Aujourd’hui à Paris, photos Alina Reyes

Work in progress

Travail en cours, détail

Travail en cours, détail

Je me suis mise aujourd’hui à repeindre une ancienne peinture. Pas de toile pour en commencer une nouvelle et les marchands de couleur sont fermés (personne ne s’en plaint, contrairement à ceux qui geignent sur la fermeture des librairies ; pourtant il n’est pas plus important de pouvoir lire que de pouvoir dessiner ou peindre), et de toute façon il y a déjà des toiles et des bois peints partout sur les murs chez moi, autant repeindre par-dessus ce qui peut être repeint – je n’ai pas la place d’entasser ni l’entregent pour trouver un galeriste complaisant (certains en trouvent pour leur travail d’amateur, comme le mien, mais j’aime autant ne pas en chercher).

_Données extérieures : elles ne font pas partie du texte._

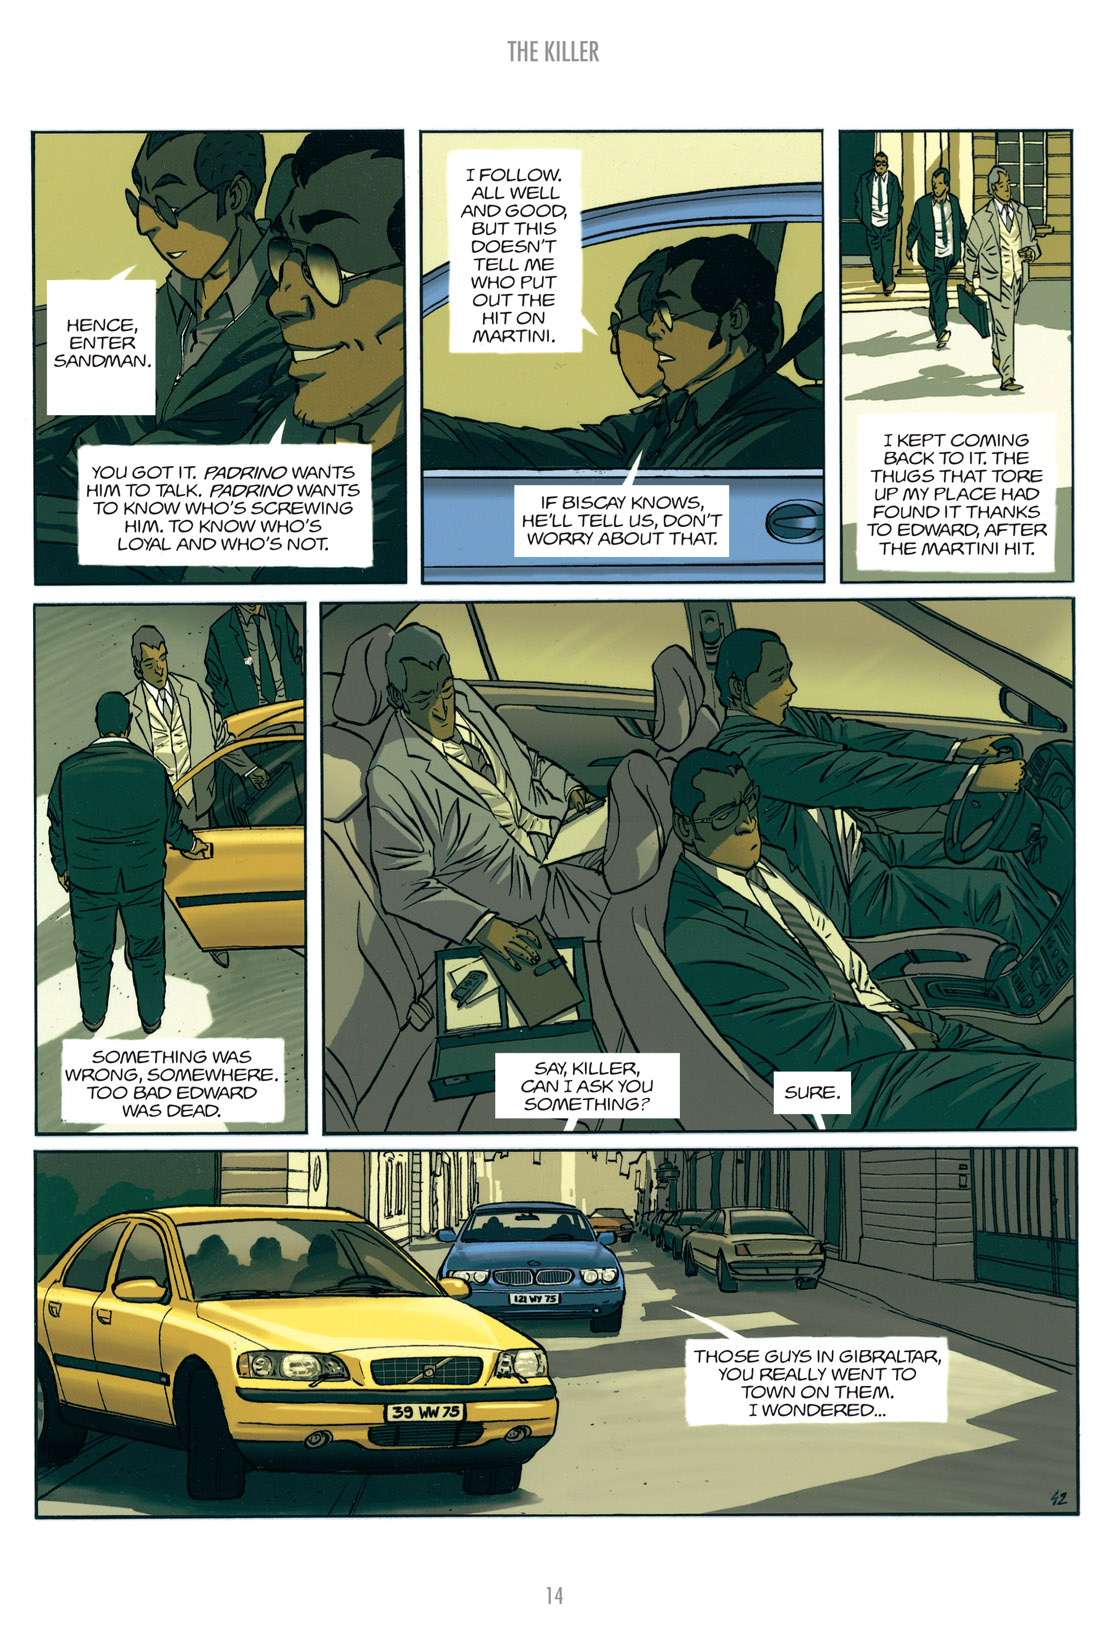 Read online The Killer comic -  Issue # TPB 2 - 113

Je suis contente d’avoir réussi à me remettre à peindre un peu. J’y avais bien pensé avant, évidemment, mais ce confinement est nuisible à mon élan créateur. Même chose pour l’écriture. Autant je travaillais comme une reine quand je me confinais moi-même dans ce but, autant je dois me contenter d’avoir de temps en temps assez de désir pour ajouter quelques lignes à mon livre en cours. Jouer du piano, je n’y arrive pas non plus, pas plus de cinq minutes une ou deux fois dans la semaine. Je lis quelques livres, mais pas plus qu’un peu. Je lis surtout les infos, comme tout le monde, et c’est une lecture qui rend triste et en colère. Pourtant il ne faut pas fermer les yeux sur ce qui se passe.

Il n’y a que pour le yoga que ça marche. Là oui ça marche bien, tant j’ai besoin d’exercice physique, pour le corps et pour l’esprit. Mais mon travail ne me tracasse pas vraiment, je ne suis pas pressée d’avancer. Pourquoi le serais-je ? Je ne pourrai pas publier avant un certain temps, et autant ne pas se presser de retourner dans ce monde de l’édition tant qu’il ne sera pas un peu rafraîchi – si le coronavirus pouvait participer à le clarifier ! Penser que tant de soignants sont morts et meurent au service des malades, et que tant de distingués auteurs, ou d’auteurs pas distingués, fustigent les mesures de protection contre la maladie au nom de la liberté, ne donne vraiment pas envie de se mêler, même de loin, à ce monde-là. Un monde qui fonctionne à l’inverse de l’épidémie : plus vous gardez vos distances avec son infection, plus il s’emploie à vous tuer. Braves gens qui n’aiment pas que l’on suive une autre route qu’eux. Mais comme les politiques, plus ils vous tuent, plus vous vous éloignez d’eux. Ça vaut pour les peuples comme pour les individus. L’histoire n’est pas finie.